В споре с Толстым. На весах жизни (Булгаков) - страница 34

* * *

Лев Николаевич говорит о «более полном исполнении воли Бога» (письмо к Полонскому, 7 апреля 1898 г.)>27.

Да, да… Гляжу я в это синее небо и вижу этот нетленный идеал полного выполнения воли Бога.

В чем он? В полном отречении от себя? Да?..

Но нет! —

Не может быть воля Бога в противоречии с тем положением, в которое Бог поставил нас здесь, на земле.

* * *

Самоотречение, долг самоотречения!.. Кажется, в любую христианскую концепцию, – все равно, в церковническую или сектантскую, – и в любую философско-идеалистическую систему входит это понятие, понятие самоотречения, как нечто неизбежное, само собой разумеющееся. Но вот философ-идеалист Иоганн Готлиб Фихте учит о другой нравственной обязанности, о другом долге, именно – о долге самосохранения. Что он под этим разумеет? Нравственную обязанность человека воздерживаться от изнуряющего поста, от чрезмерного труда, безудержного разврата, попыток самоубийства, неэкономичной траты духовных сил и т. д., предписывая, вместо этого, разумный, нормальный, гигиенический образ жизни.

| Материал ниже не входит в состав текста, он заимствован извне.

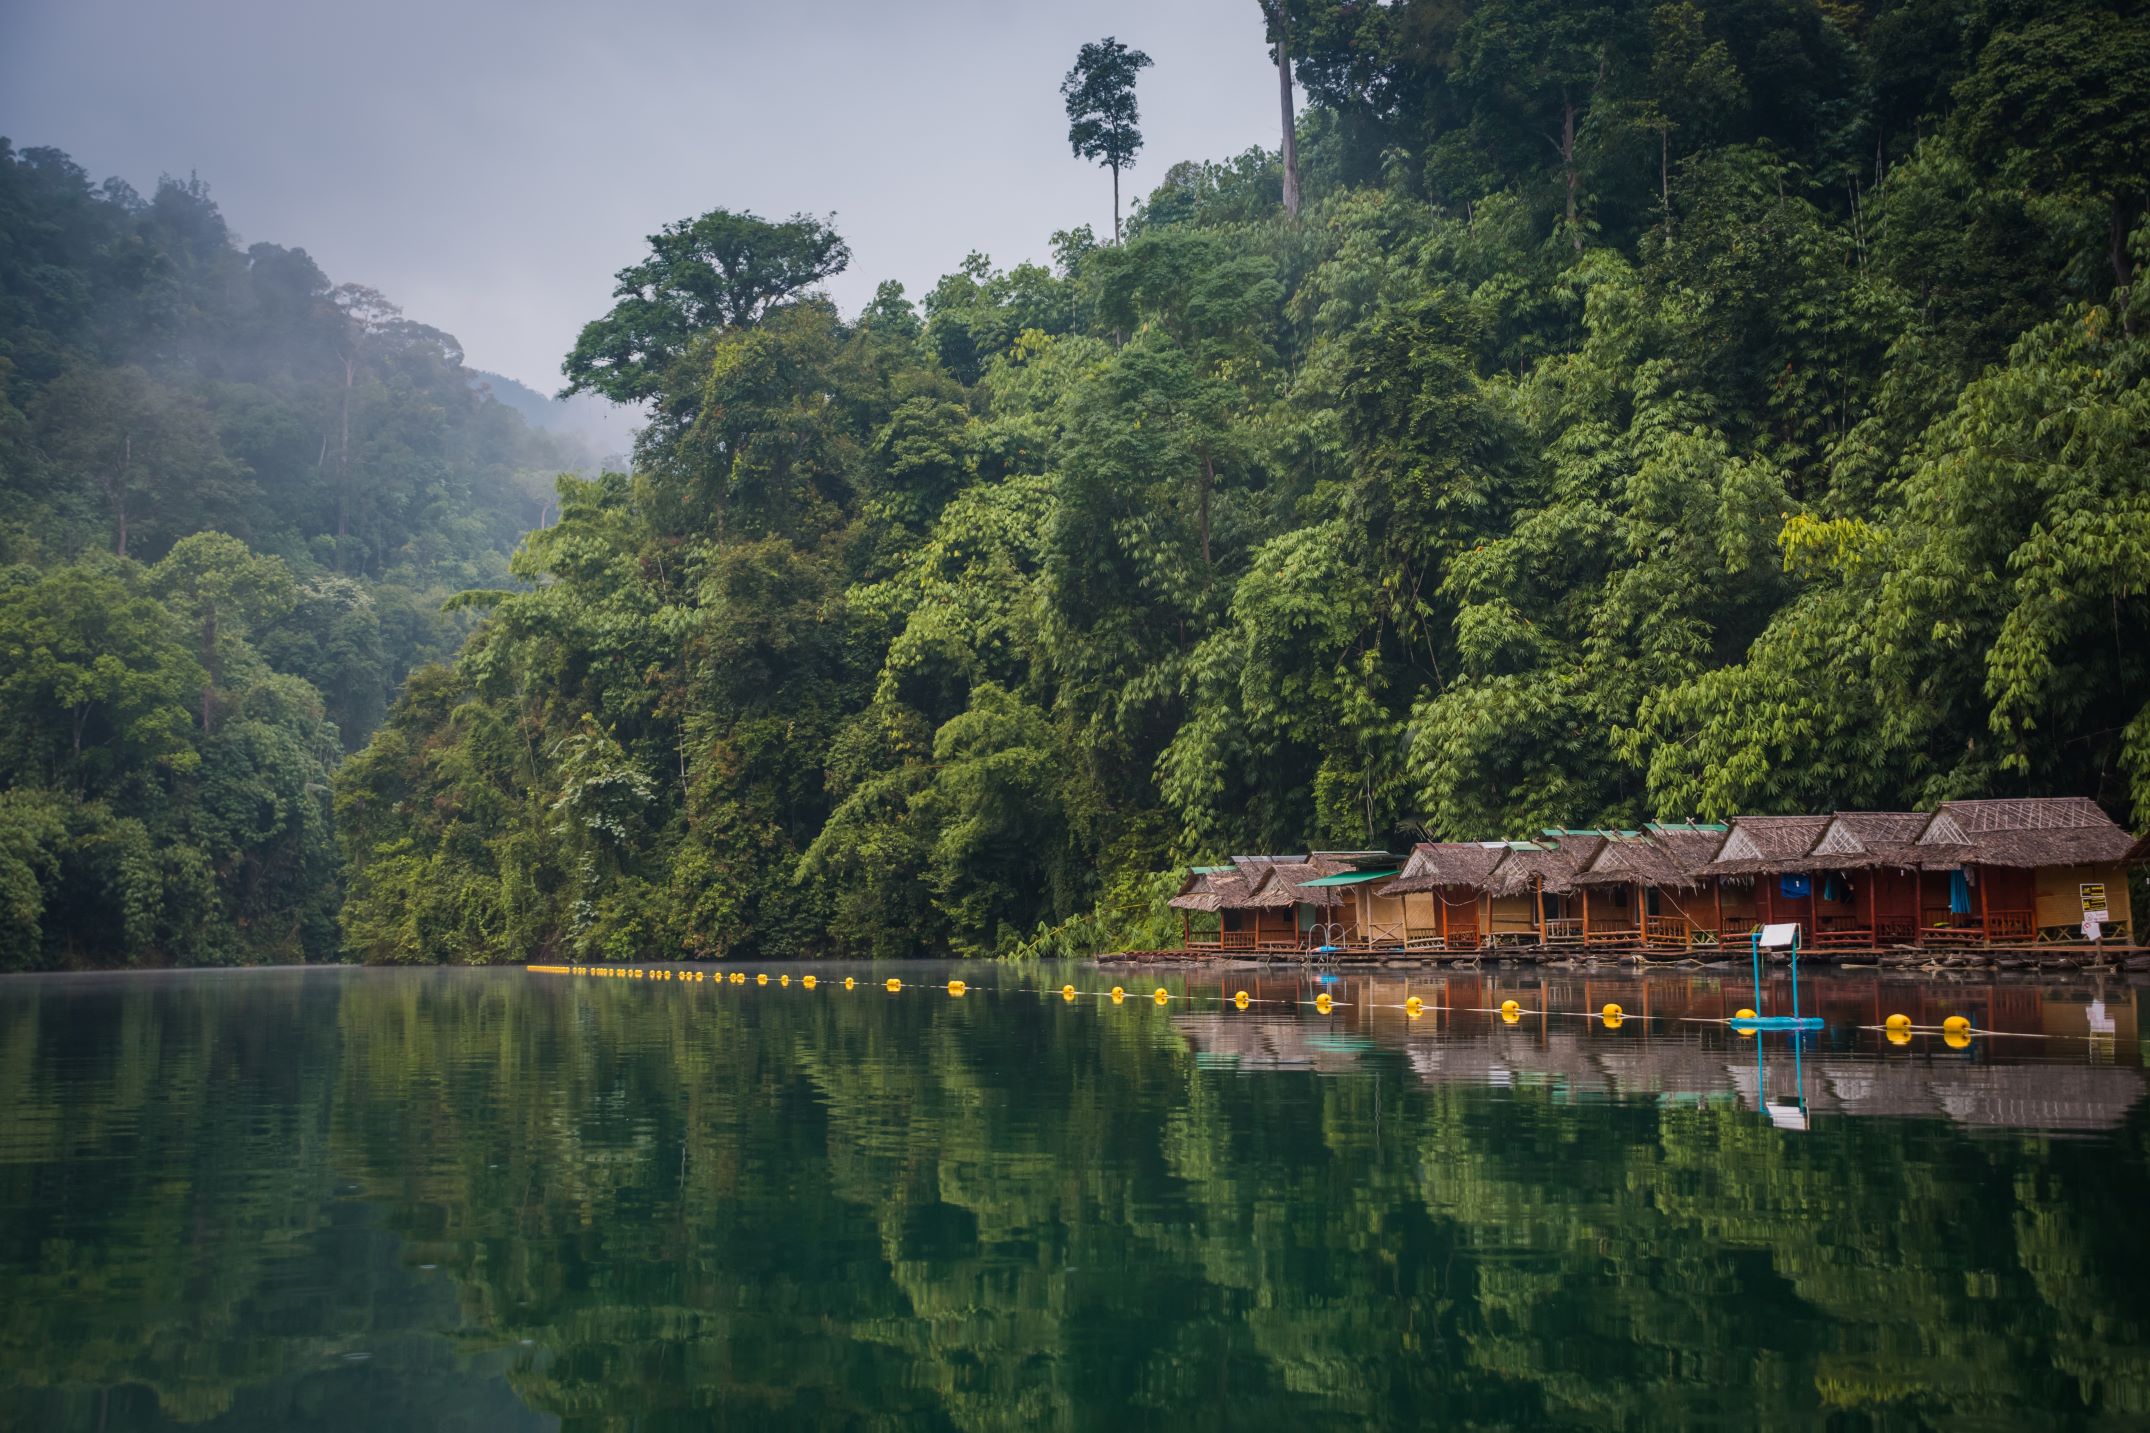 An image of Thailand - a lake and alot of trees.
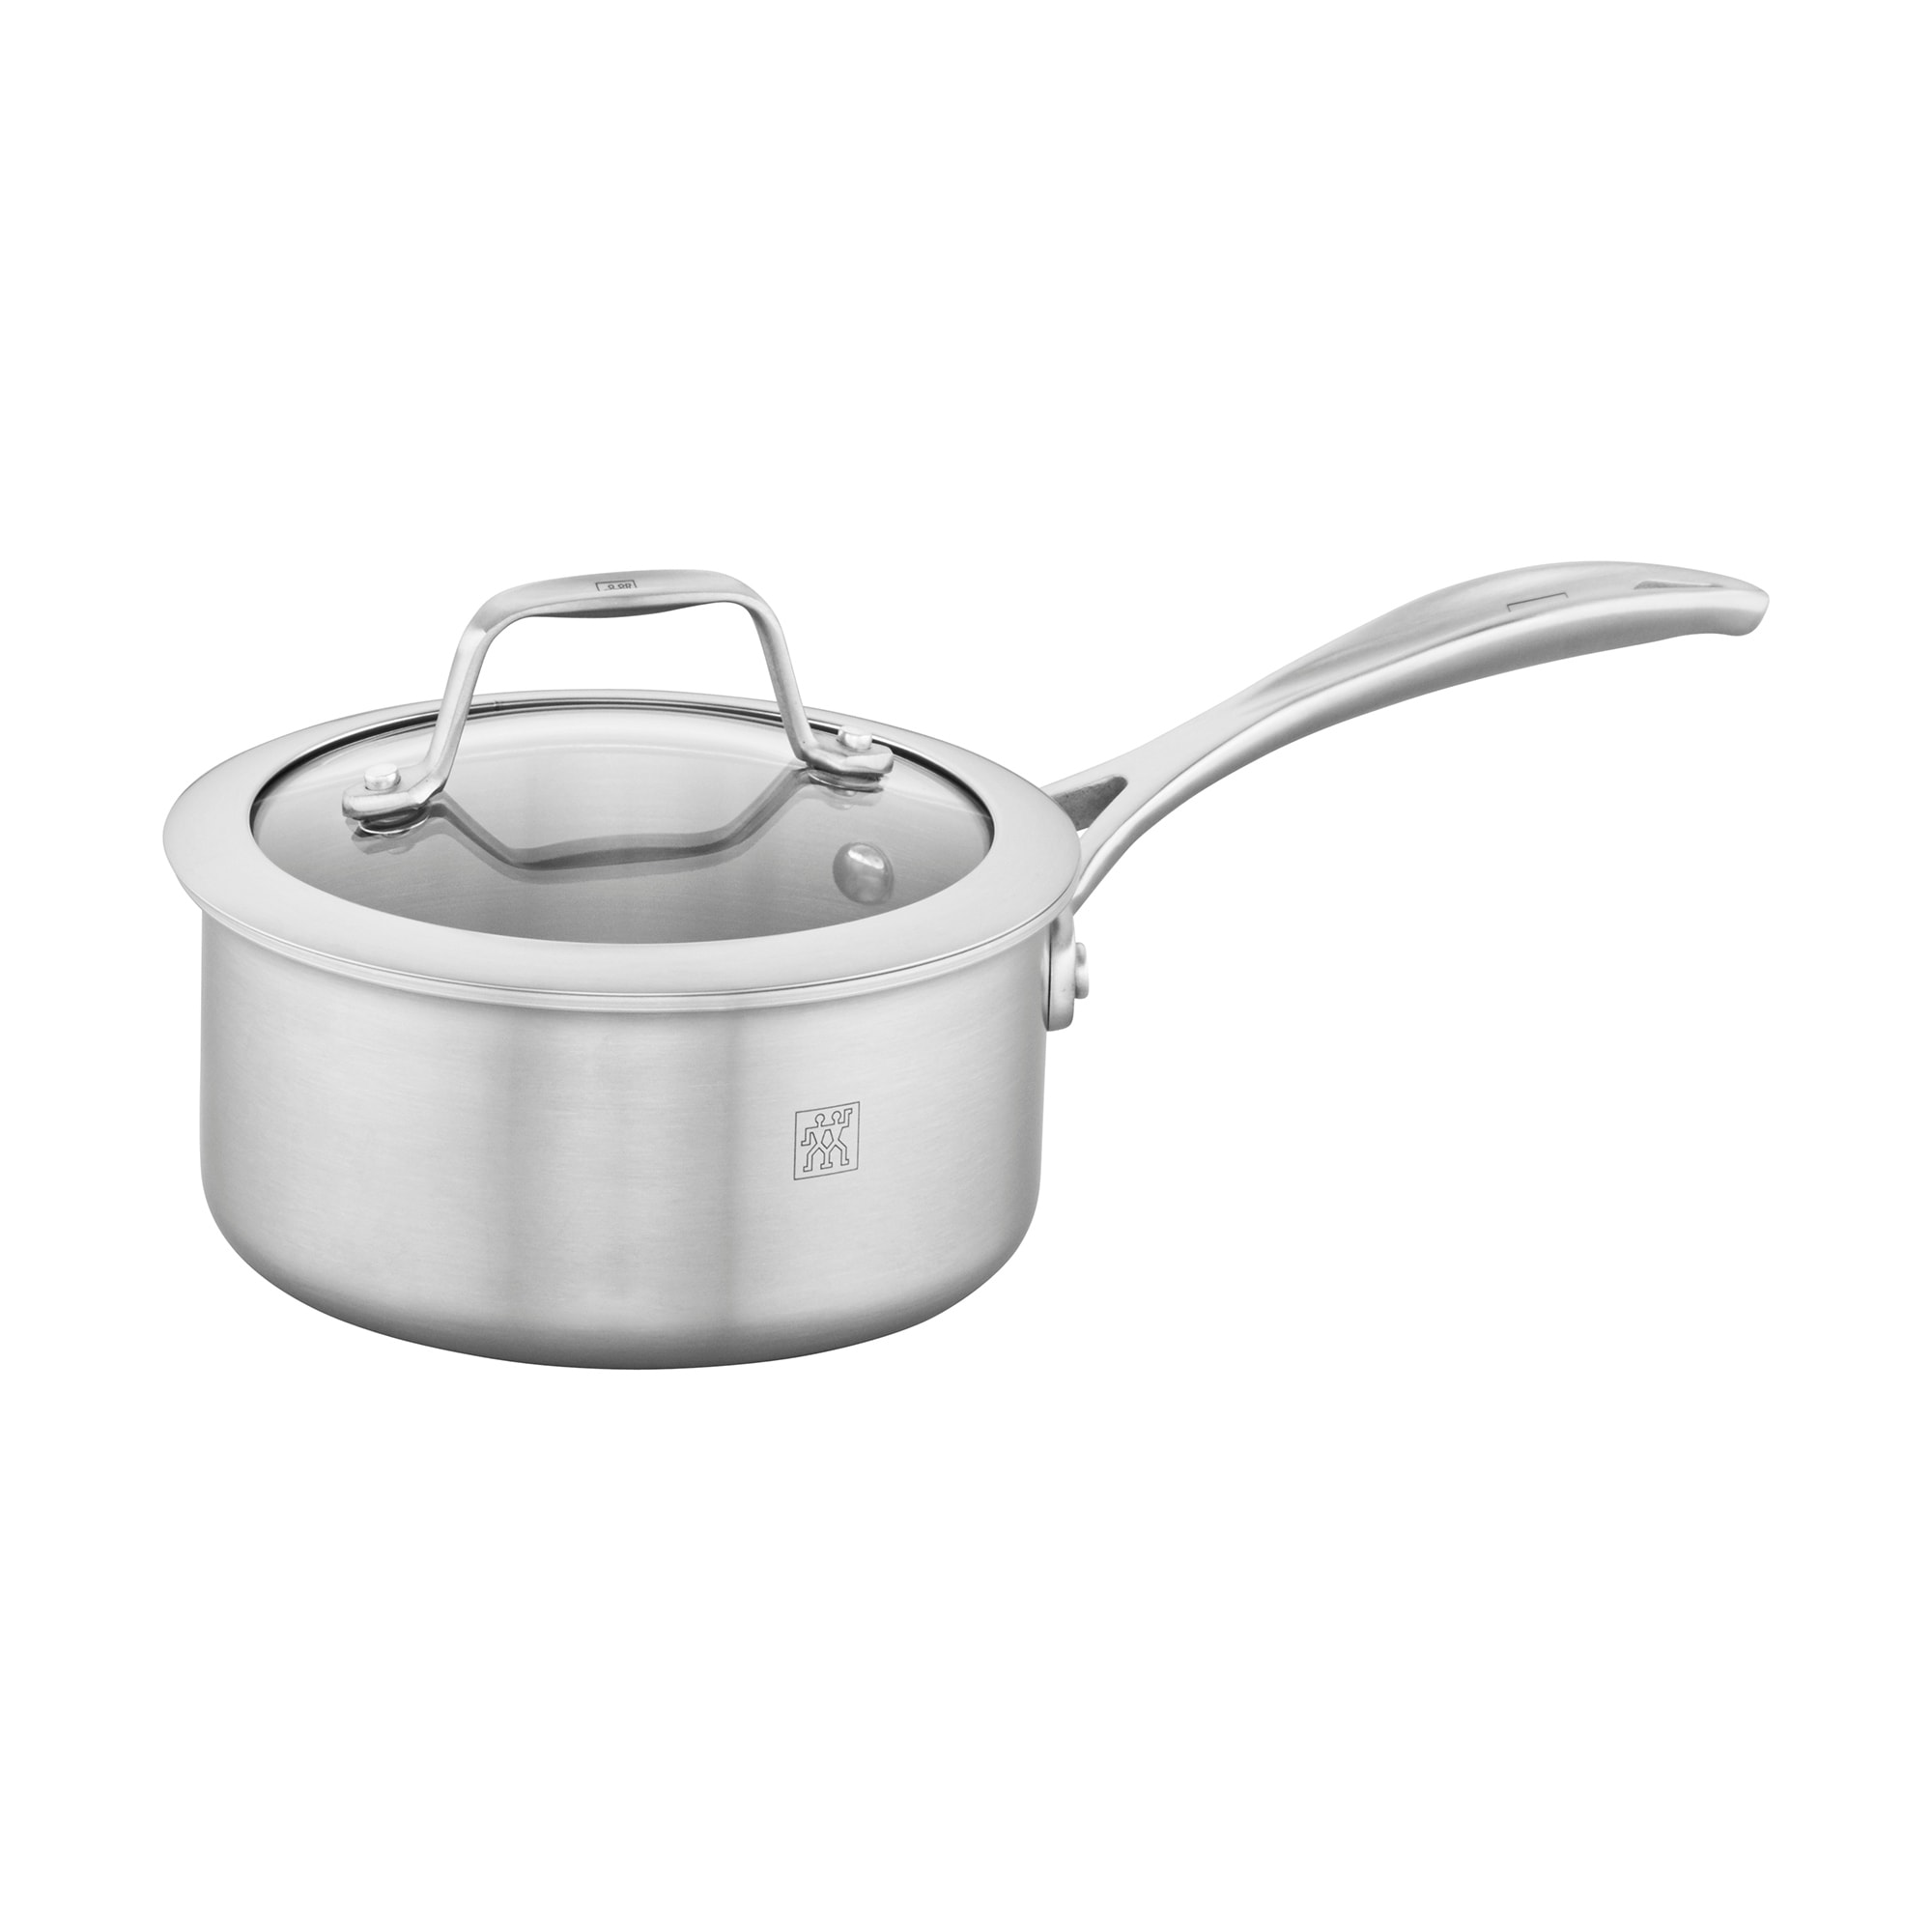 https://ak1.ostkcdn.com/images/products/is/images/direct/720168414a76833b10057f1cb794a4b4cab46066/ZWILLING-Spirit-3-ply-Stainless-Steel-Saucepan.jpg

Где же больше любви к человеку: в этой заботе о нем или в требованиях самоотречения во имя самоотречения?

* * *

В 1914–1915 гг. я долго содержался в тюрьме за воззвание против войны. Все пережитое и перенесенное в заключении вызвало во мне много мыслей – на тему о самоотречении. Да, состояние внутренней независимости и силы духа, которого достиг я в тюрьме, было, кажется, «наивысшим» моментом в моей жизни. Я стоял на пути к осуществлению идеала полного «самоотречения», – идеала, который, по всей справедливости, должен был бы носить имя «самоутверждения», ибо, отрекаясь от тела, мы утверждаемся в духе.

Но не является ли высокая оценка «самоотречения», т. е. крайности в борьбе за свое духовное бытие, за обеспечение свободы своего духовного «я», уместной и справедливой только в подобного рода исключительных условиях, условиях внешнего принуждения, в каких, скажем, человек, преследуемый за свои убеждения, находится в тюрьме? По отношению только к мученику за идею, за веру? И не есть ли, наоборот, «самоотречение» добровольное, осуществляющееся человеком, полным сил и жизни, без всякого определенного внешнего повода и без всякого давления со стороны, – «самоотречение» монаха-аскета, например, – чем-то совершенно иным, быть может, теряющим тот светлый ореол, которым сознание наше невольно окружает затравленного грубыми, нетерпимыми и жестокими людьми героя-мученика?

В самом деле, если хорошо и похвально сохранить мужество и полное презрение к окружающей обстановке, будучи брошенным врагами в сырую, грязную, холодную и голодную тюрьму, – то было ли бы так же хорошо и похвально, со стороны здорового и сильного человека, самому заключаться в подобную тюрьму?